The space occupied by Google ($GOOG) Flu Trends is becoming more congested. One year after the Centers for Disease Control and Prevention (CDC) put out a call for ways to use digital data to forecast the flu season, details of the entrants' models are still trickling in as academic papers are published.
A team from the Los Alamos National Laboratory is the latest to publish details of its model, which uses Wikipedia access logs to predict the spread of influenza. By combining the access logs for Wikipedia articles related to flu with CDC data, the team has created a model which it claims can accurately predict the incidence of influenza. The model goes one step further than Google Flu Trends by trying to predict the future, instead of just giving a real-time estimate of the spread of the virus.

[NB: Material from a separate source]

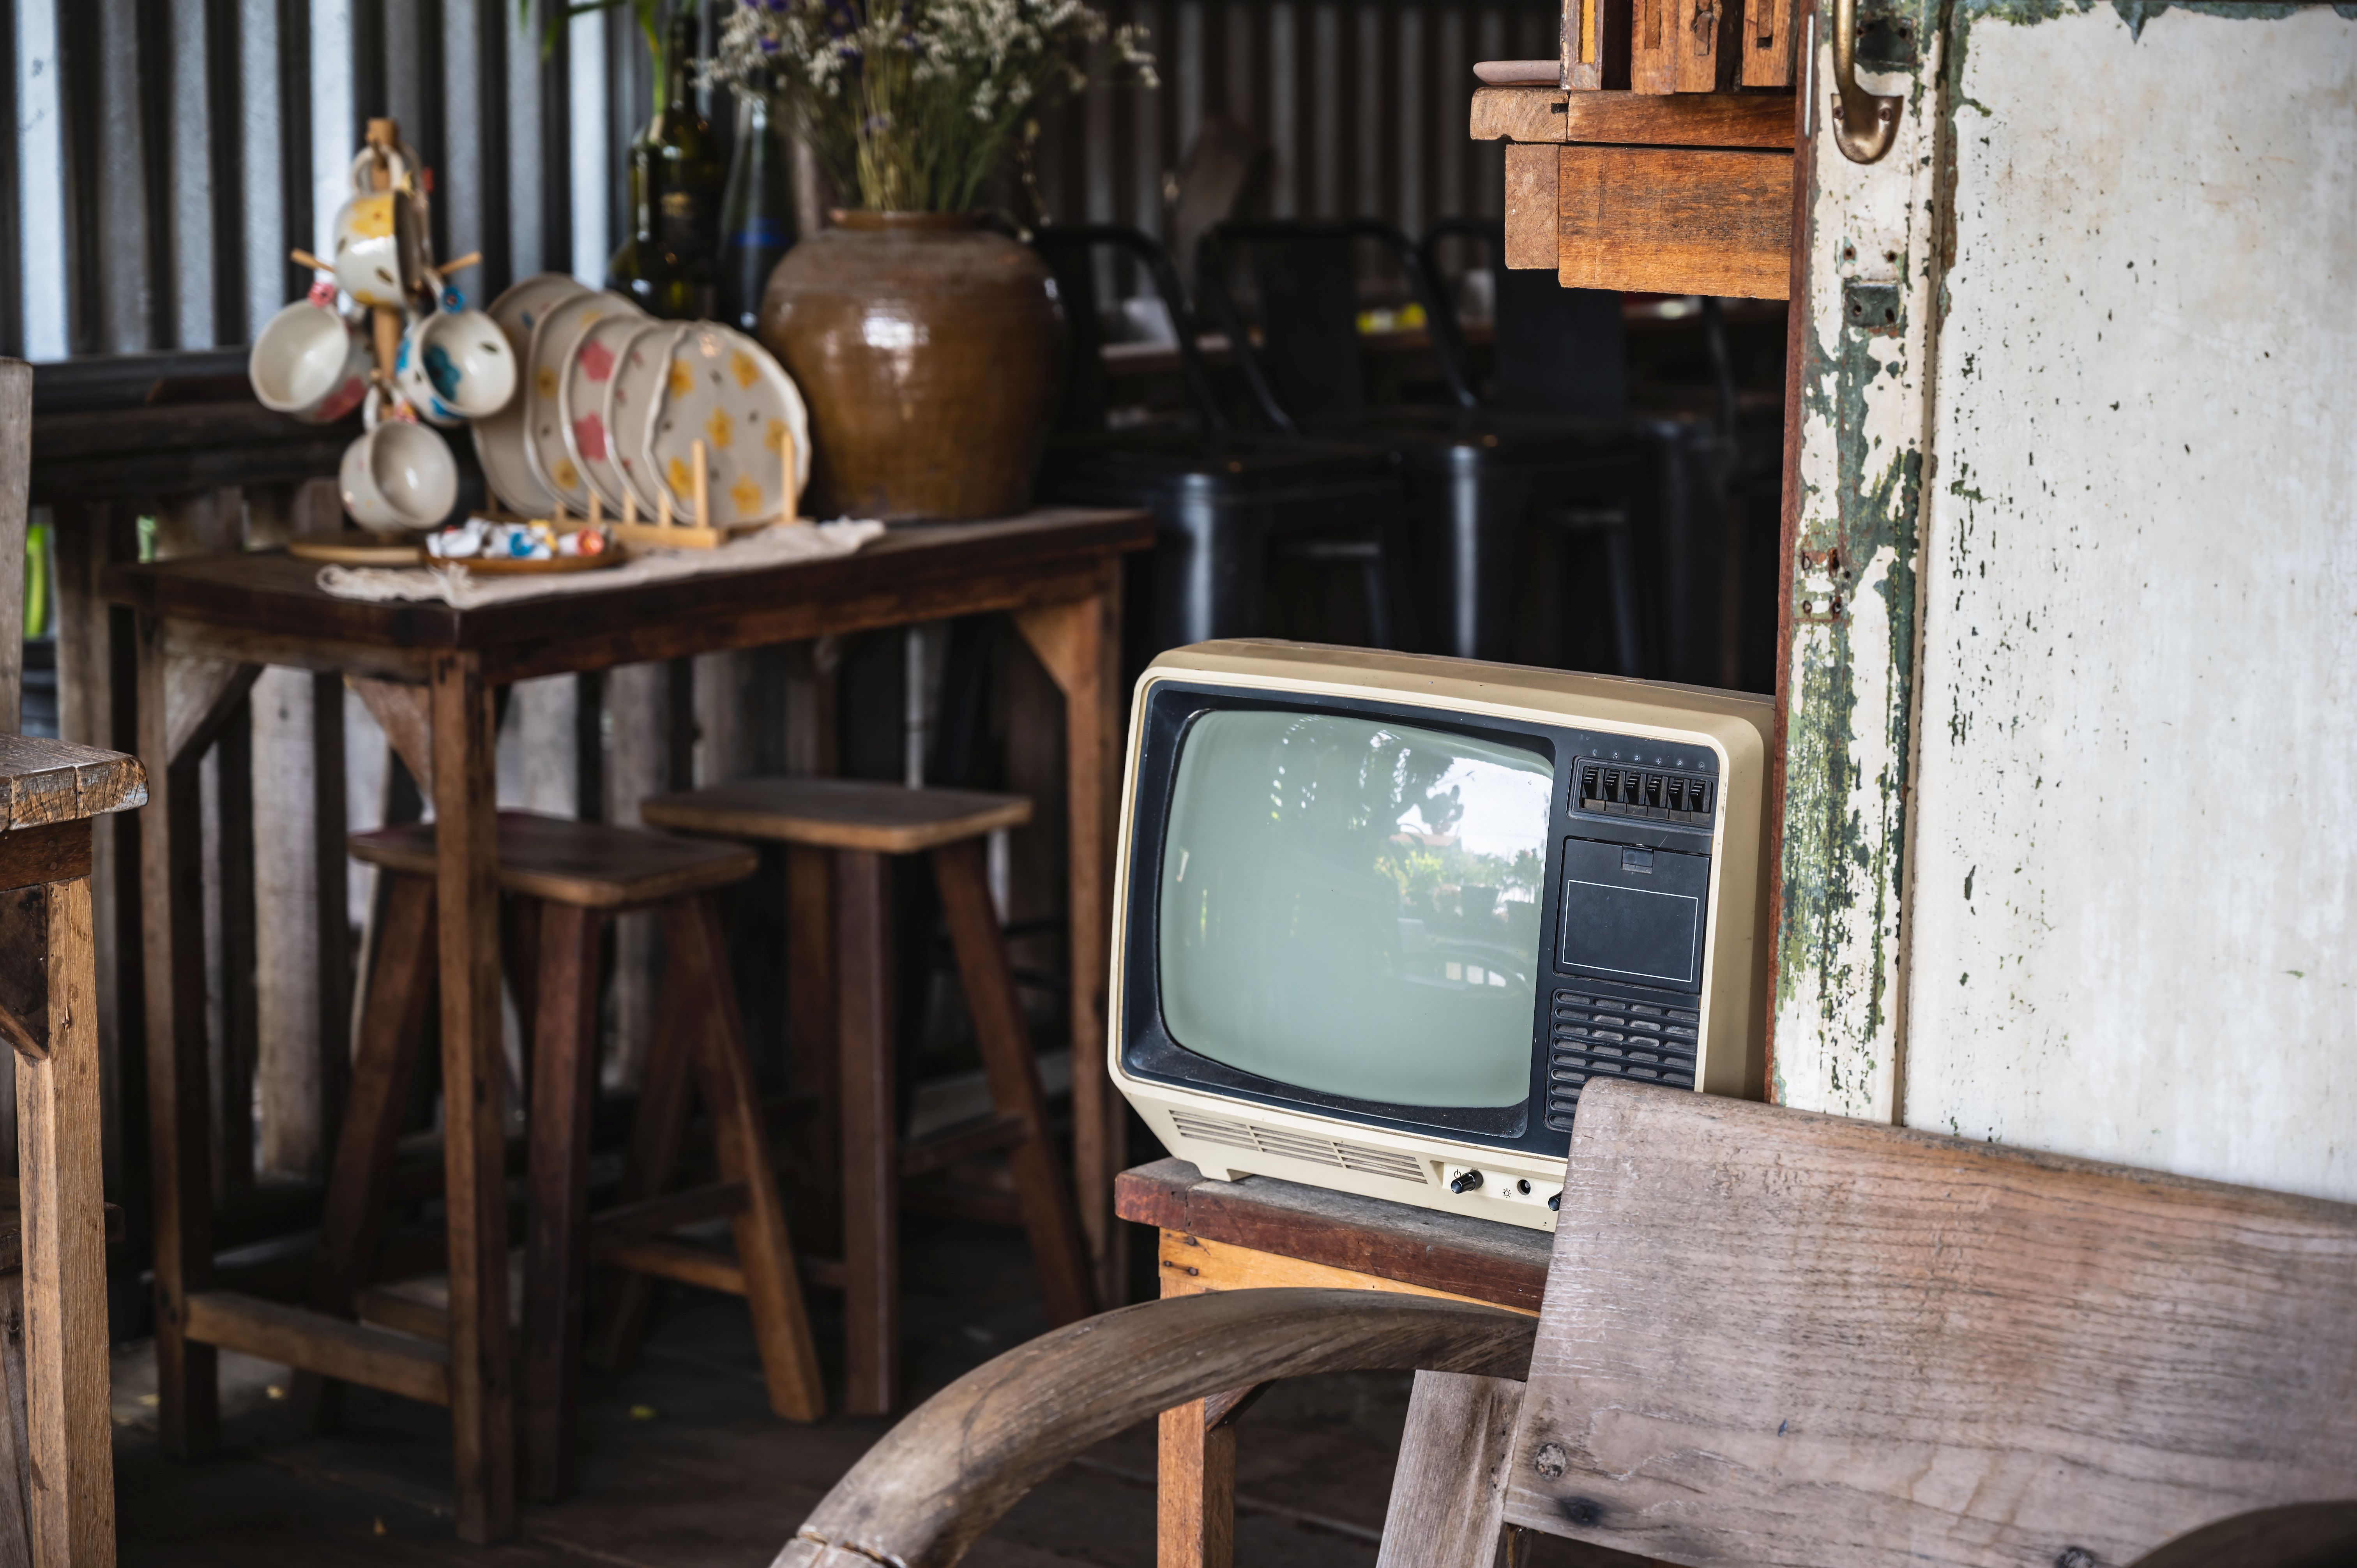 Vintage television in the vintage cafe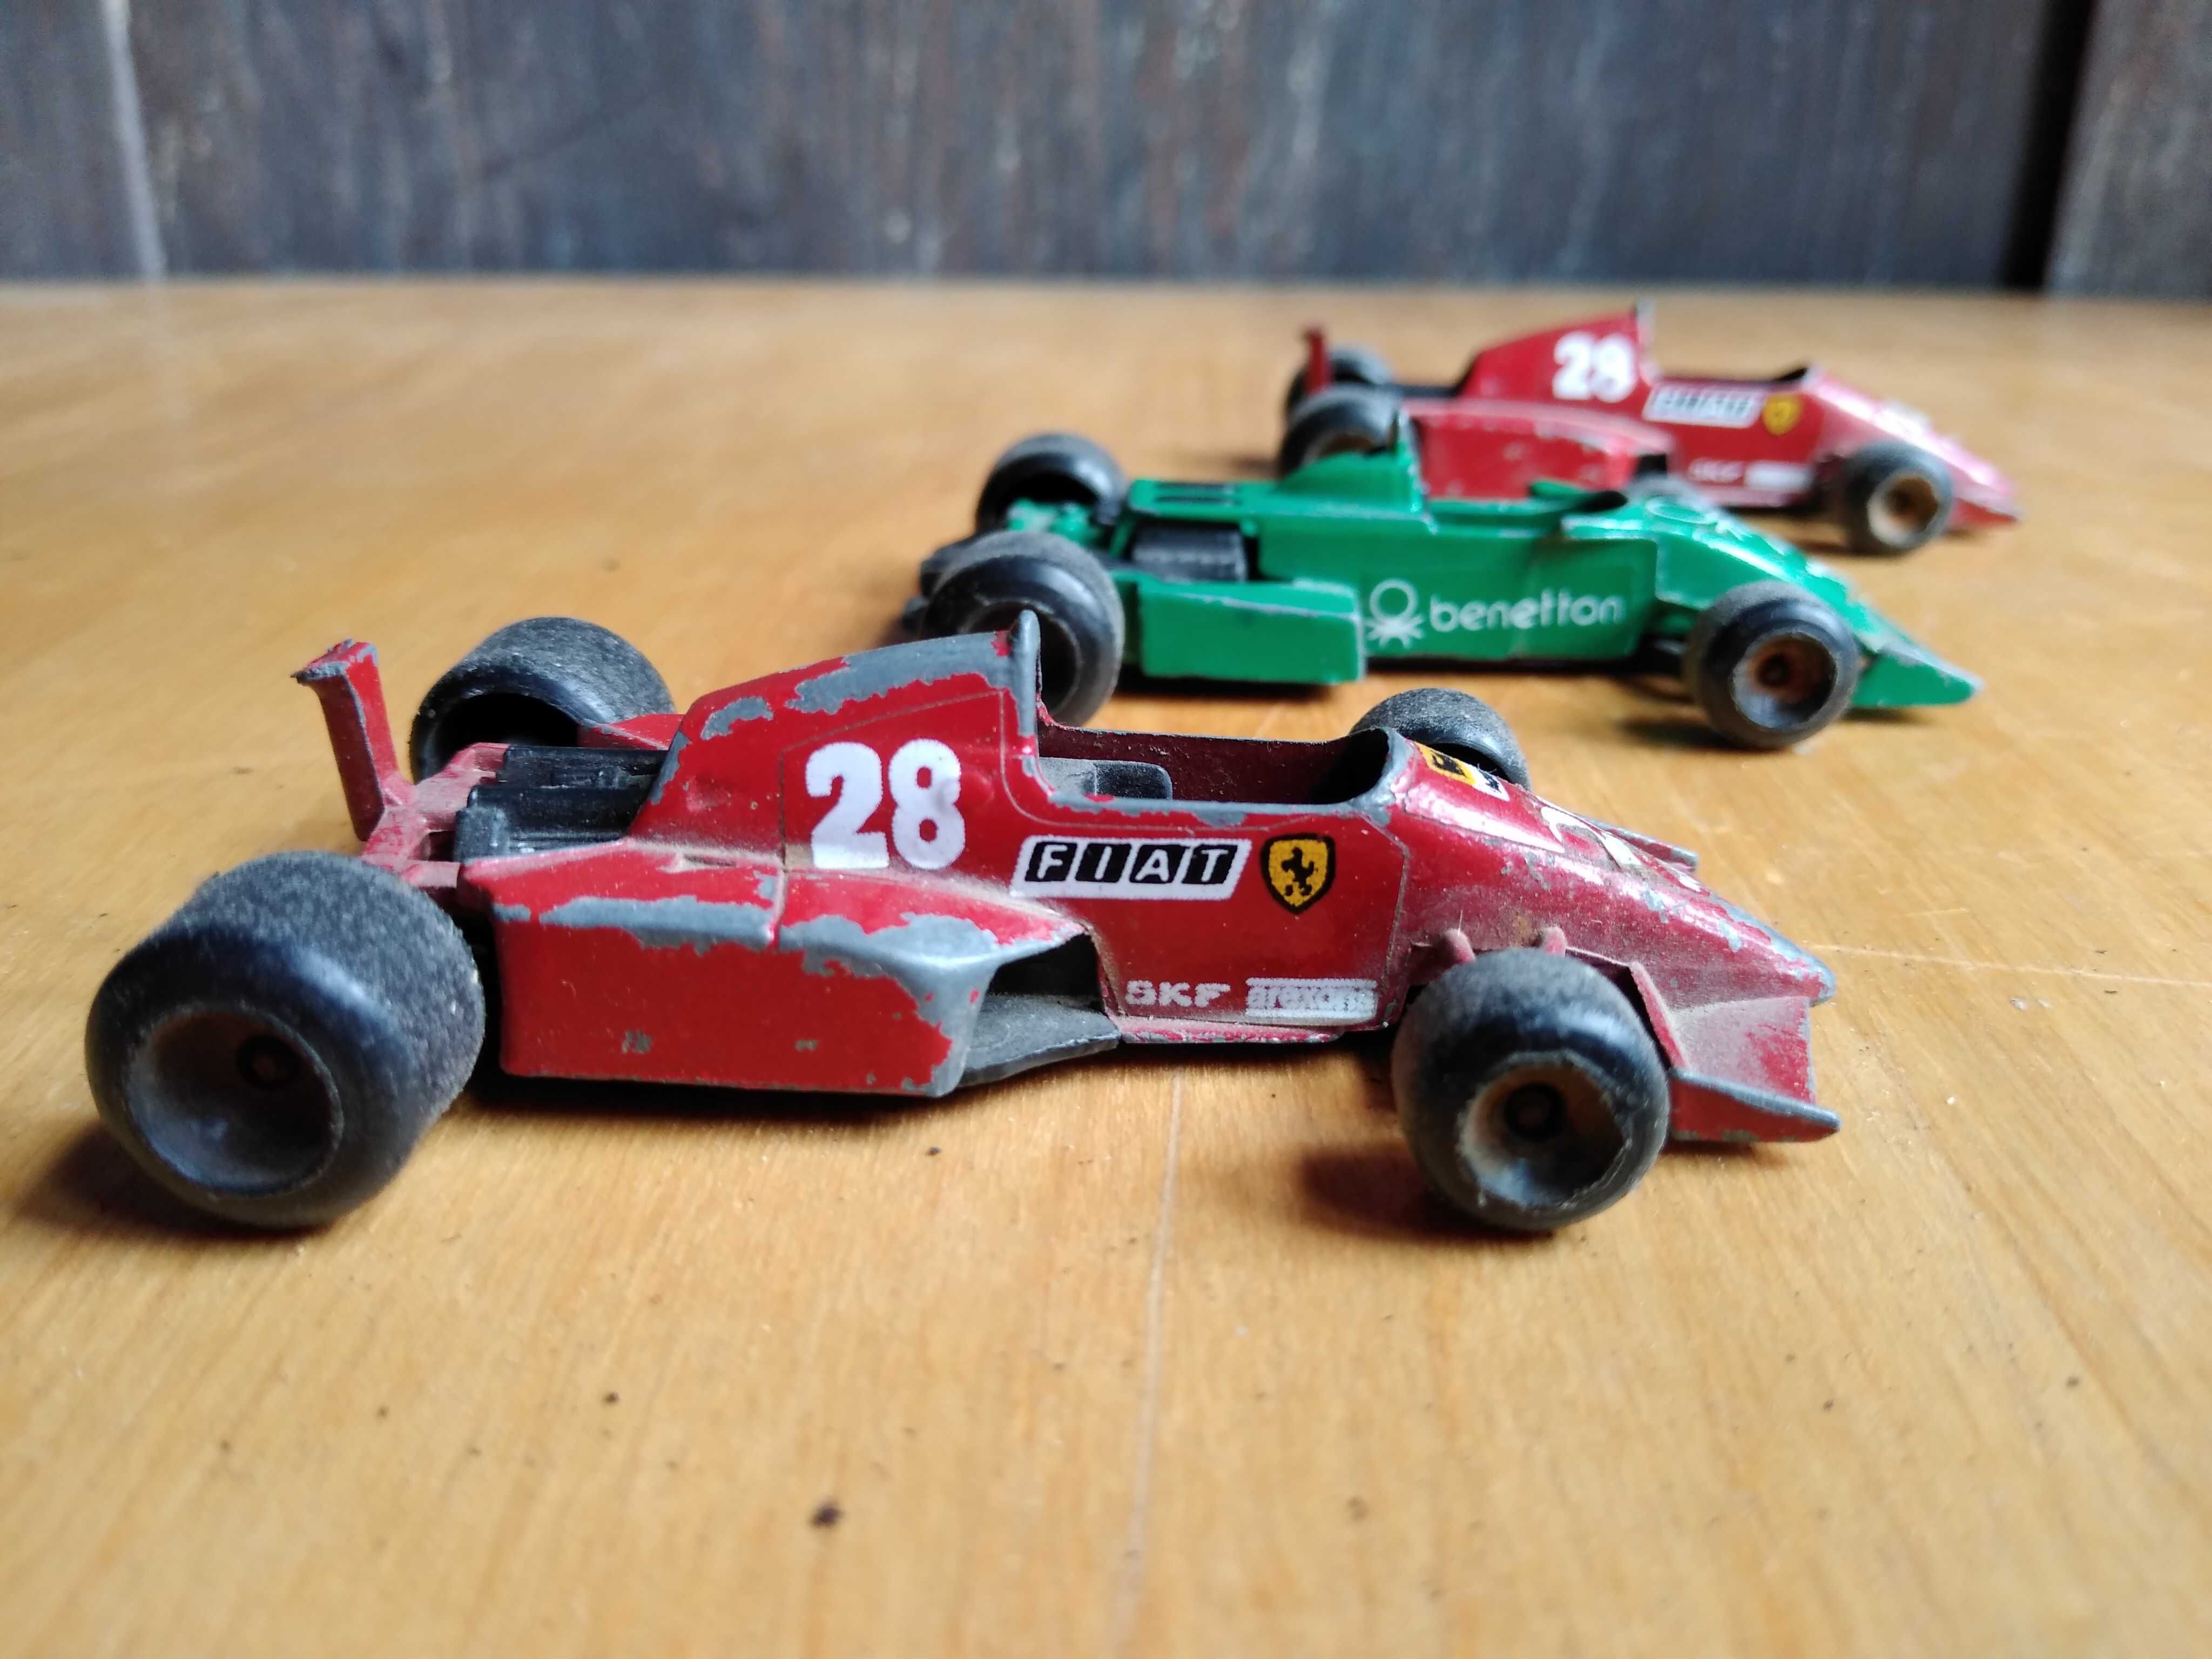 Autko resorak Polistil bolid F1 Ferrari i Tyrrell zabytek PRL

The Wikipedia-based approach could suffer from similar problems to Google Flu Trends, namely the possibility that the online activity of hypochondriacs will skew the model. Test data published to date suggest the Wikipedia model doesn't suffer from overestimation, perhaps because CDC data is built into its calculations. In fact, the model tends to underestimate flu incidence towards the end of the season. People not visiting Wikipedia when infected for a second time could account for the blip.
CDC handed out prizes for its flu forecasting competition in June, awarding first place to a team that combined data from Google with information the public health agency gathers from physicians. Google is now applying a similar combination approach to its own Flu Trends project.